According to the Death with Dignity organization, there are 19 states either considering, or opposing implementation of PAS or MAiD legislation. These states and bills can be found here:

“Fer it … or Agin’ it.” That seems to be our current society. Our world has devolved into black or white. Right or wrong. Coke or Pepsi. Republican or Democrat. Far Right Religious Loon or Far Left, Extremist Socialist Loon. Your choice has been made easy. Press this button or that button.

So too, with PAS/MAiD. You must either support those bills. Or you must oppose those bills. After all, topics as simple as our very existence, whether we have a soul, what constitutes a sentient being can readily be pigeon-holed into one of two choices.

“Fer it … or Agin’ it.”

In general, people who oppose PAS/MAiD bills show up during subcommittee hearings, present arguments opposing the proposed bill and seek to have the entire bill defeated. The politician’s aide then contacts the money people behind the politician and asks them how they want the politician to vote. The money people make their views known and the politician dances to that tune.

But what if there was another way?

Instead of supporting or opposing PAS/MAiD legislation, what if a specific carve out excluding eating disorders from these bills were proposed as a rider. Therefore, the position would be regardless of whether that legislative bill passes or expires, eating disorders must be excluded. And that is because we simply do not have enough medical and mental health information and knowledge about this illness.

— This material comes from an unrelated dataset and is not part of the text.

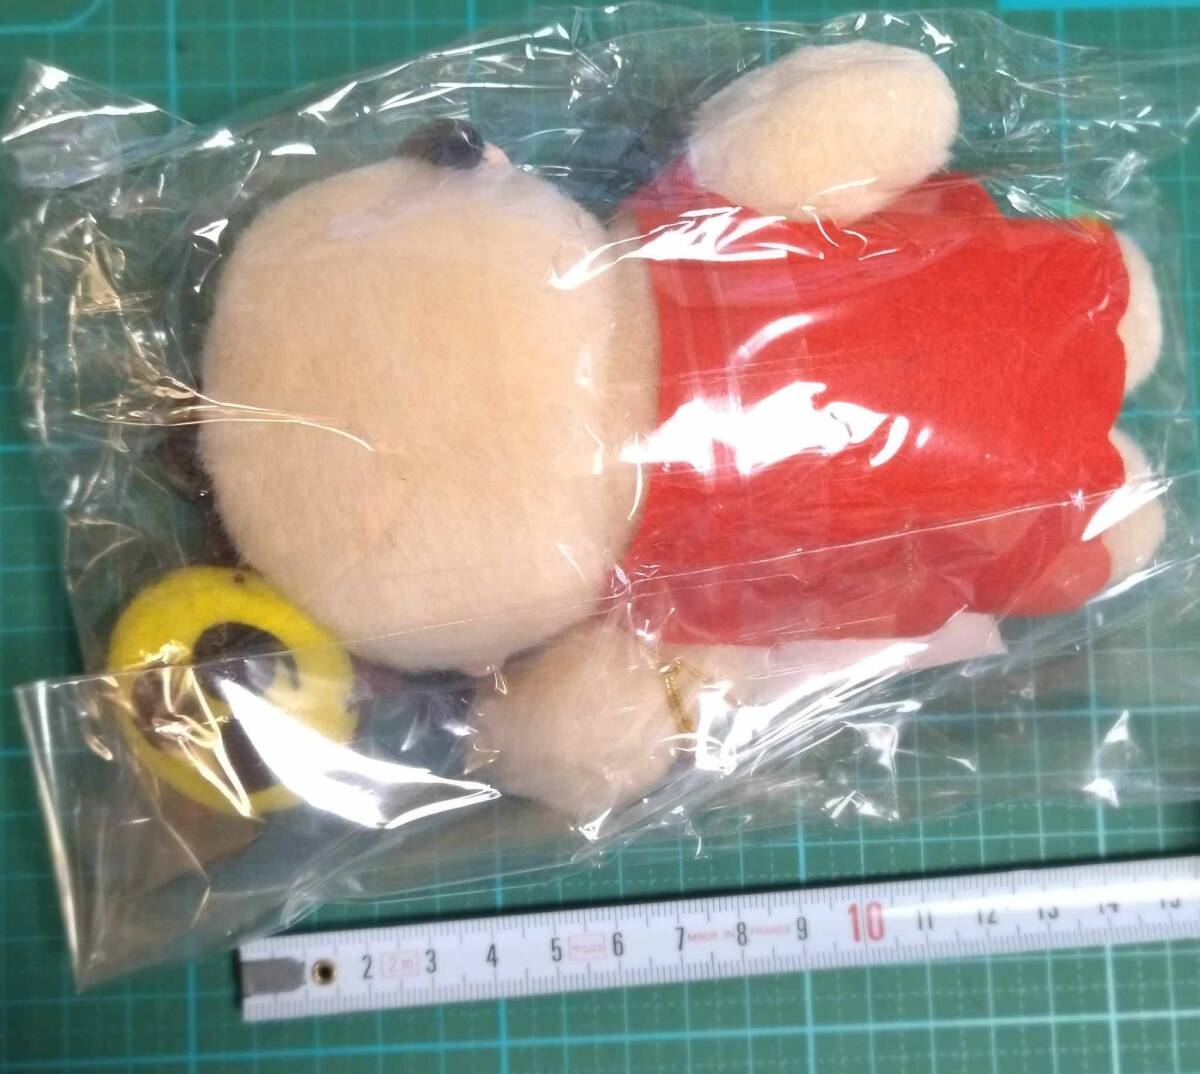 非売品 まんが 日本昔ばなし ビデオ 発売記念 ぬいぐるみ マスコット 昔ばなし太郎 ONCE UPON A TIME IN JAPAN mascot stuffed toy Doll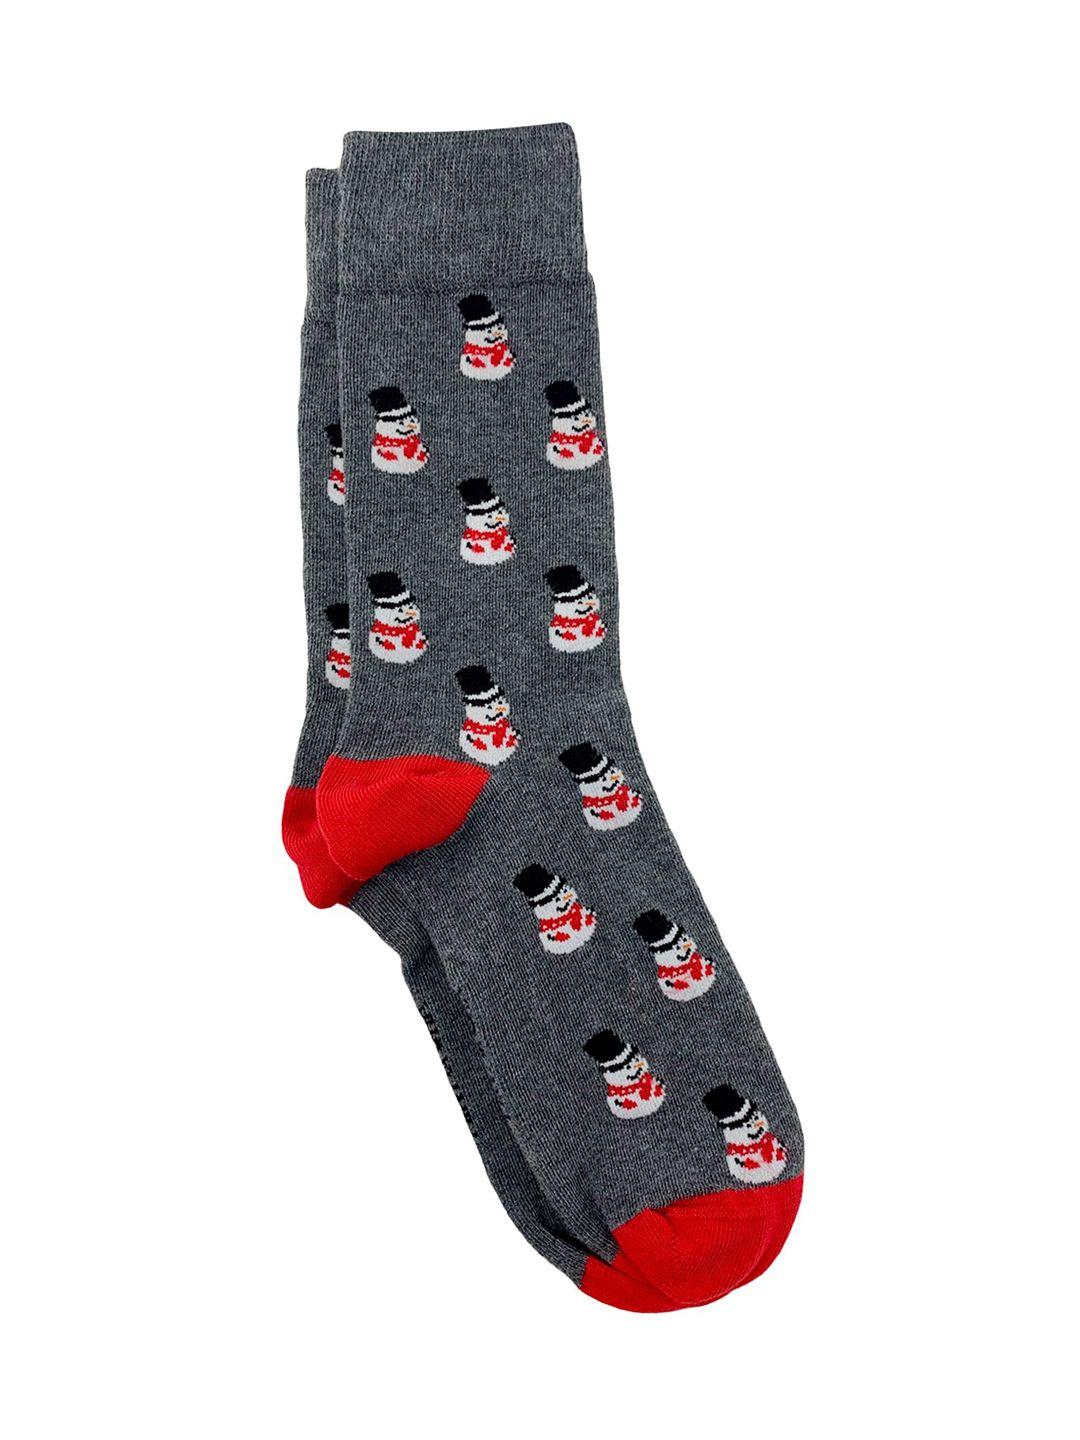 mint-&-oak-men-grey-&-red-patterned-frosty-fun-calf-length-socks

When does Anorexia Nervosa become terminal? Does the medical community even have a remotely accurate understanding of the way eating disorders impact the brain? And if so, why haven’t effective, biologically based treatments been researched, studied and implemented?

We also know there are no generally accepted standards of care. The “experts” in the community cannot even agree about the most effective medical and mental health interventions to treat this deadly mental health illness. For that matter, should anorexia even be classified primarily as a mental health illness?

We know there is no effective collaboration with any other medical or mental health community.

Private equity companies dictate residential “standards of care” and the way this mental health illness is treated. Emphasizing profits over patient safety. Running treatment guidelines through their finance department. Even a former CEO of a residential treatment center is now admitting to this reality.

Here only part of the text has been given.